_How to complete this task:_ Give back only the lines in the records below from the one with "Alternate Image 3" to the one with "Jojo Pizza Menu, Menu", both inclusive, word for word.

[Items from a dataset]
------------------------------------------------
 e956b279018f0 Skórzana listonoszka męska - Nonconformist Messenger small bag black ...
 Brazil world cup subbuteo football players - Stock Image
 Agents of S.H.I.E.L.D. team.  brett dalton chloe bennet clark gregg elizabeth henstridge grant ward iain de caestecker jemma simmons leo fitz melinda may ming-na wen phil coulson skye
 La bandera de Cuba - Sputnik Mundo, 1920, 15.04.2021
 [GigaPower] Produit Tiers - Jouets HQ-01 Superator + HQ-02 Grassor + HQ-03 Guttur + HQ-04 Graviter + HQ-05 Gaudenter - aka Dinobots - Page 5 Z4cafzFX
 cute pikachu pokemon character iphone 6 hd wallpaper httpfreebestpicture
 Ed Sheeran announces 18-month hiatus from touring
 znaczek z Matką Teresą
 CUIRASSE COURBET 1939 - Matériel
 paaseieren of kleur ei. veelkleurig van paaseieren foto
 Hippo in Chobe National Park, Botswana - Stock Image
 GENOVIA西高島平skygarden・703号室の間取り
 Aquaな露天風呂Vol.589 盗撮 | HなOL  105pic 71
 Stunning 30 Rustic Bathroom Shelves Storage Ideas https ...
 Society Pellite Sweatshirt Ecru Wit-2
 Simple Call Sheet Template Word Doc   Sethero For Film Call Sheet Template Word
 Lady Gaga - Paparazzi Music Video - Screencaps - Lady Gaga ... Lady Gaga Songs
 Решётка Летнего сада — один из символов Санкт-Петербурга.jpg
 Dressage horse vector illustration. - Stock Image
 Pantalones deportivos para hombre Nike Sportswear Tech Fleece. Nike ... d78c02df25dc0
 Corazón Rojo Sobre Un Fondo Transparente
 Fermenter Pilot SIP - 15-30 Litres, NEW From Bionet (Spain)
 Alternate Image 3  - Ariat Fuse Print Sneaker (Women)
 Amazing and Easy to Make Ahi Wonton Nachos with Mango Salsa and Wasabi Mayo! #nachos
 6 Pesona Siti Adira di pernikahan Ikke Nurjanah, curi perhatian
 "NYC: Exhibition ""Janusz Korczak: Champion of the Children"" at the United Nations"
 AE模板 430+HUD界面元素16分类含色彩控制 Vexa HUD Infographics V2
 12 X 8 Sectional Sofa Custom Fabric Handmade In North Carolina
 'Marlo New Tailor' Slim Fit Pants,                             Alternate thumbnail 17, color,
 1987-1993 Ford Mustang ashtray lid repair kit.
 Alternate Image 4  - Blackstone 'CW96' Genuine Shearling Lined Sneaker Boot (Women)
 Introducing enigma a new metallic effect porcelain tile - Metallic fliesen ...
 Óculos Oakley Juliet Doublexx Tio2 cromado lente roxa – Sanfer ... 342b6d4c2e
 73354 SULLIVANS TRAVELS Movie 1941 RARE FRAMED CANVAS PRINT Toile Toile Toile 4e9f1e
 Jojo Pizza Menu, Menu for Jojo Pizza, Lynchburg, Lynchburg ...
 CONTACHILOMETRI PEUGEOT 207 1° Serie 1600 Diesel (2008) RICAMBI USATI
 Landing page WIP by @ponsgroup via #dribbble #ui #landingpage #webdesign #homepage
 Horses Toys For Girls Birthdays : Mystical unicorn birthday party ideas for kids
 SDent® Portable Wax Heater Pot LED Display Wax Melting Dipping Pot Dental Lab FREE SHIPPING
------------------------------------------------
_Answer section:_
 Alternate Image 3  - Ariat Fuse Print Sneaker (Women)
 Amazing and Easy to Make Ahi Wonton Nachos with Mango Salsa and Wasabi Mayo! #nachos
 6 Pesona Siti Adira di pernikahan Ikke Nurjanah, curi perhatian
 "NYC: Exhibition ""Janusz Korczak: Champion of the Children"" at the United Nations"
 AE模板 430+HUD界面元素16分类含色彩控制 Vexa HUD Infographics V2
 12 X 8 Sectional Sofa Custom Fabric Handmade In North Carolina
 'Marlo New Tailor' Slim Fit Pants,                             Alternate thumbnail 17, color,
 1987-1993 Ford Mustang ashtray lid repair kit.
 Alternate Image 4  - Blackstone 'CW96' Genuine Shearling Lined Sneaker Boot (Women)
 Introducing enigma a new metallic effect porcelain tile - Metallic fliesen ...
 Óculos Oakley Juliet Doublexx Tio2 cromado lente roxa – Sanfer ... 342b6d4c2e
 73354 SULLIVANS TRAVELS Movie 1941 RARE FRAMED CANVAS PRINT Toile Toile Toile 4e9f1e
 Jojo Pizza Menu, Menu for Jojo Pizza, Lynchburg, Lynchburg ...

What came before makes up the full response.